▶ [Exercise description]:
An unchanged copy of all the lines below is expected, and it should contain no pictures.

▶ [Supplied material]:
*** Block opens ***

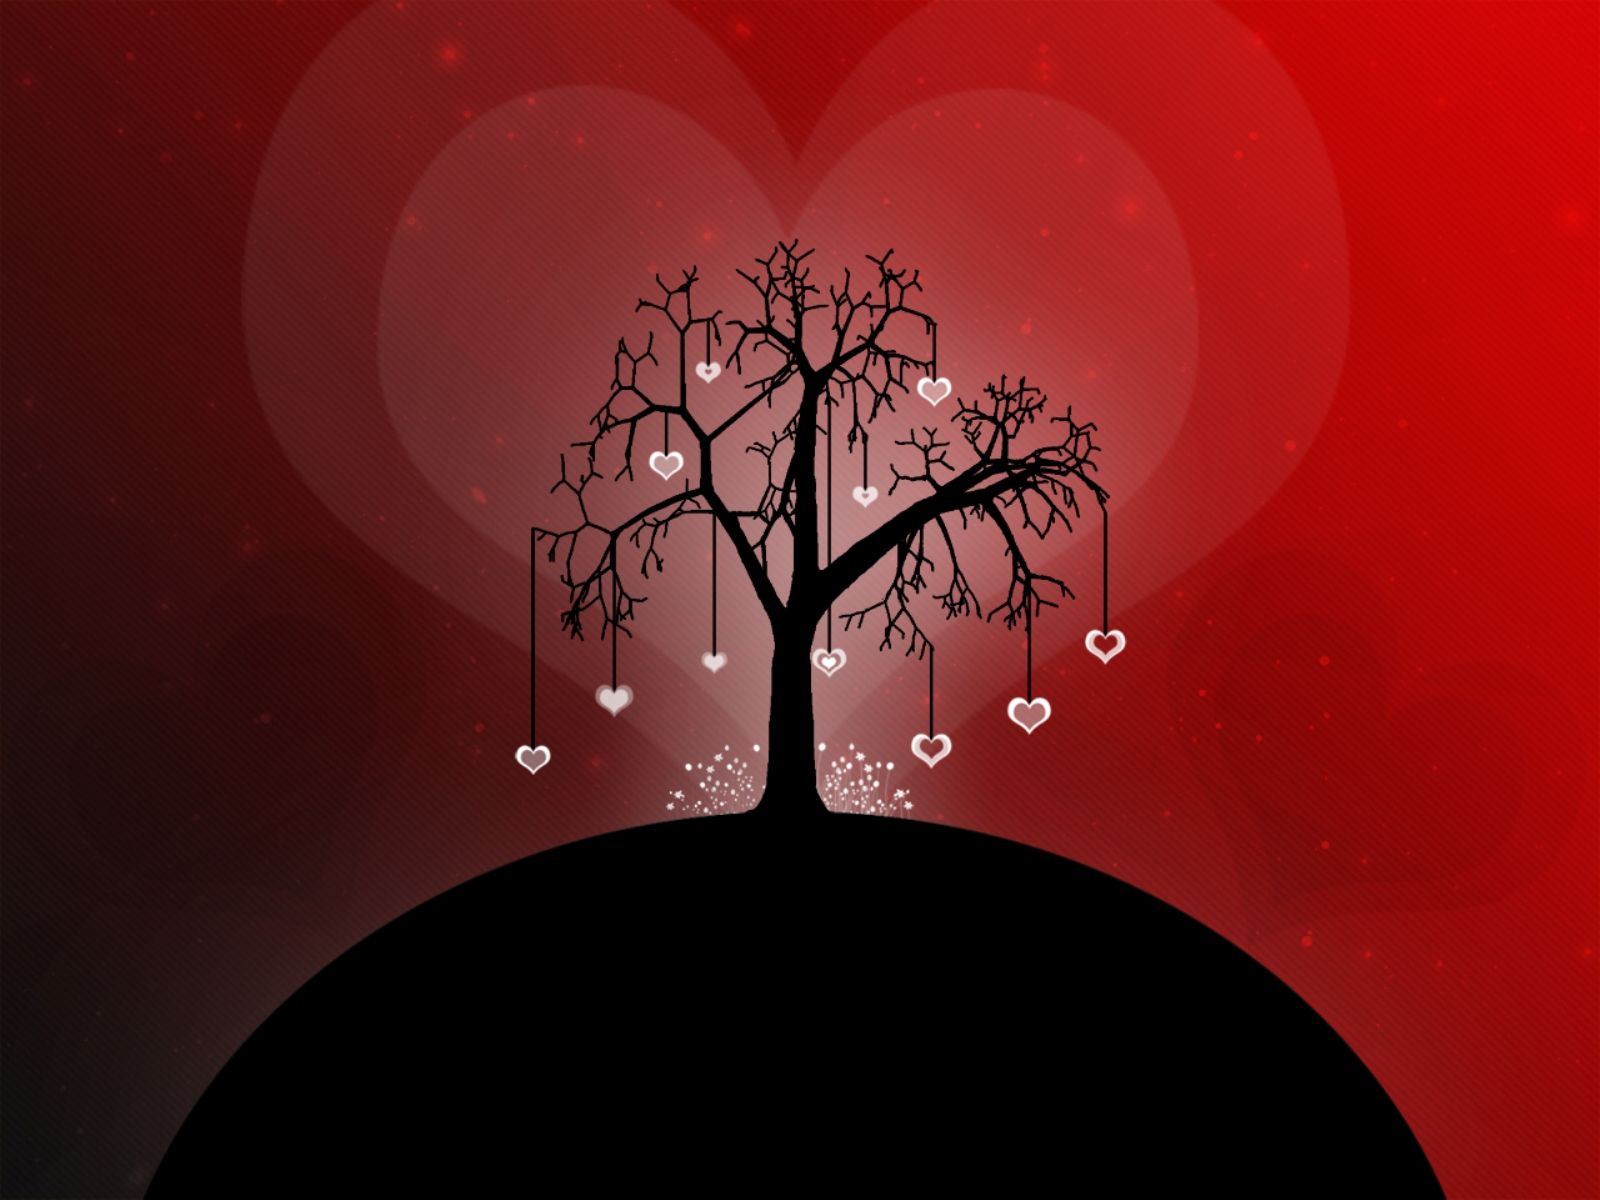 691 Love HD Wallpapers | Backgrounds - Wallpaper Abyss
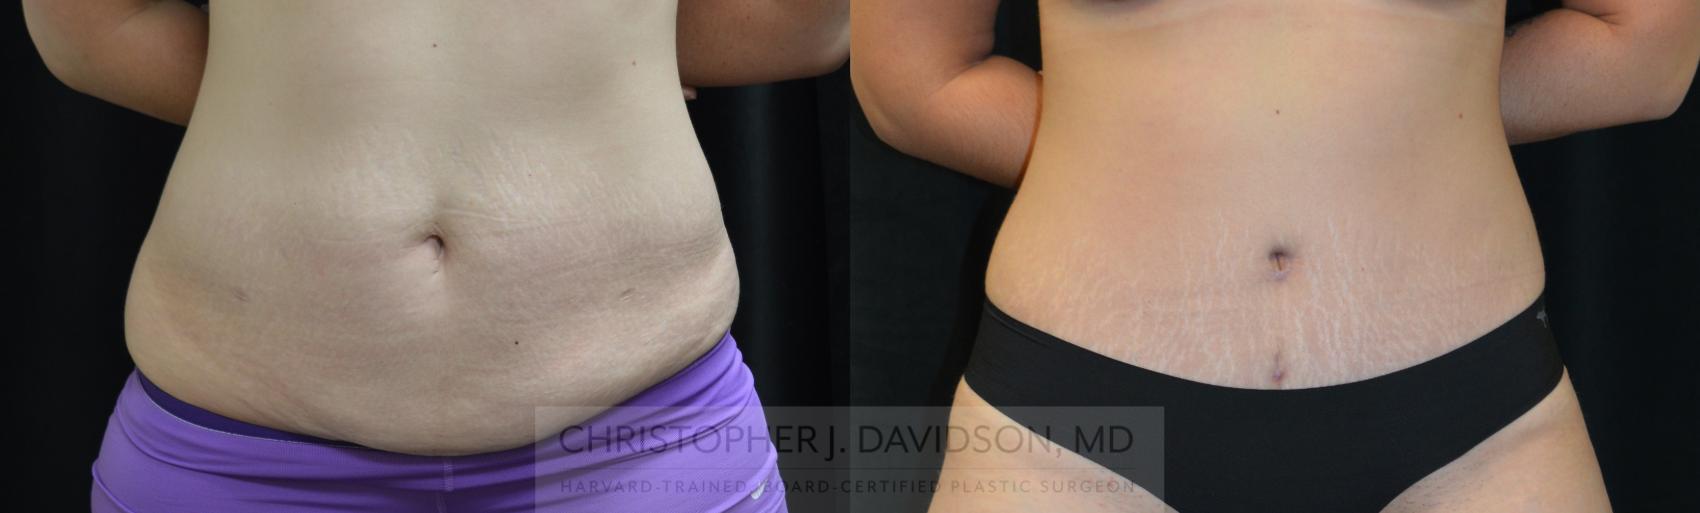 Tummy Tuck (Abdominoplasty) Case 259 Before & After Front | Boston, MA | Christopher J. Davidson, MD
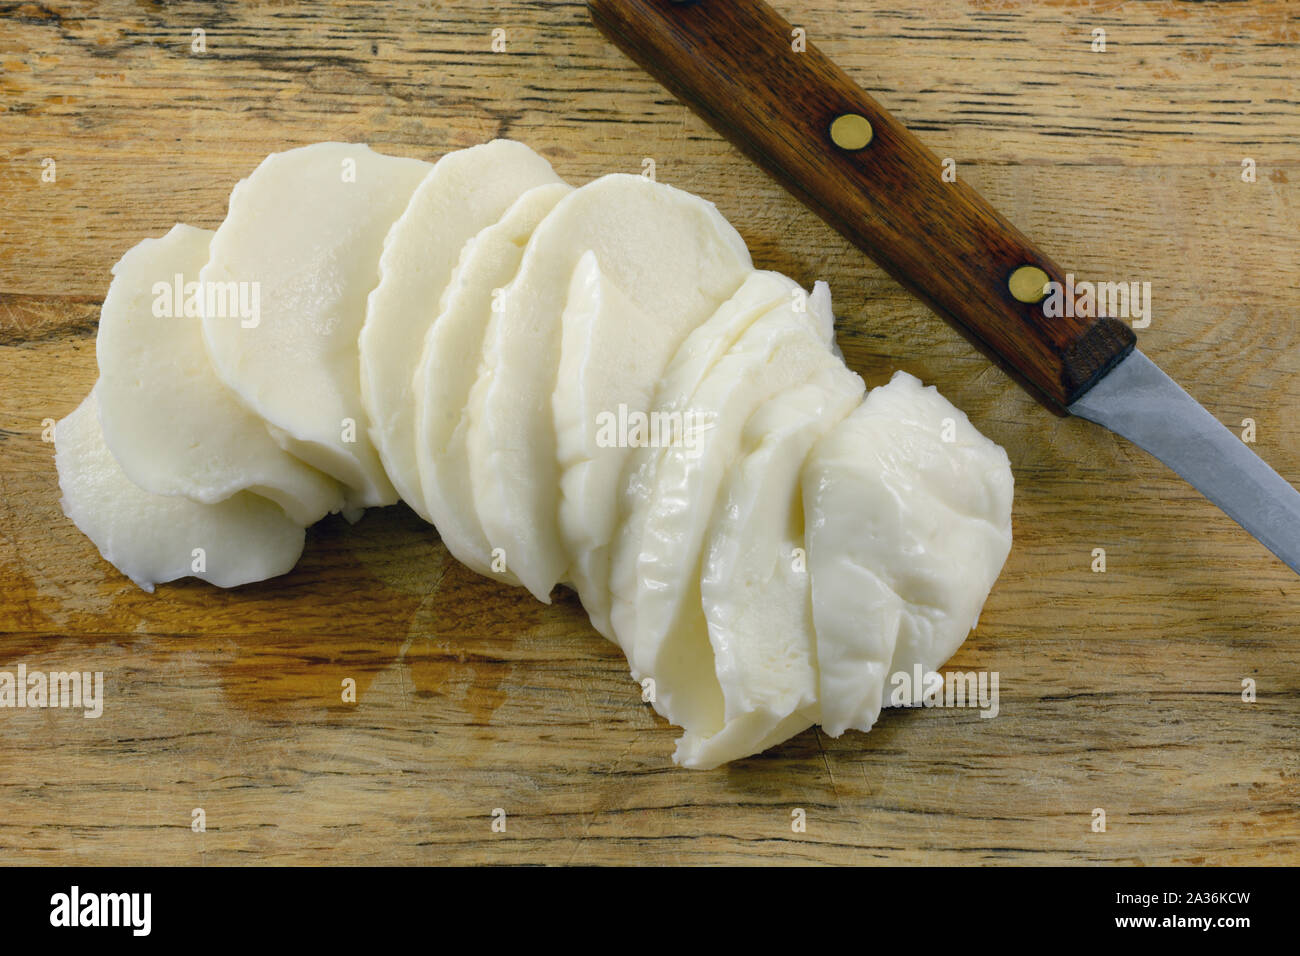 Fresh mozzarella cheese slices on wooden cutting board with kitchen knife Stock Photo

*** Block closes ***

▶ [Solution]:
 691 Love HD Wallpapers | Backgrounds - Wallpaper Abyss
 Tummy Tuck (Abdominoplasty) Case 259 Before & After Front | Boston, MA | Christopher J. Davidson, MD
 Fresh mozzarella cheese slices on wooden cutting board with kitchen knife Stock Photo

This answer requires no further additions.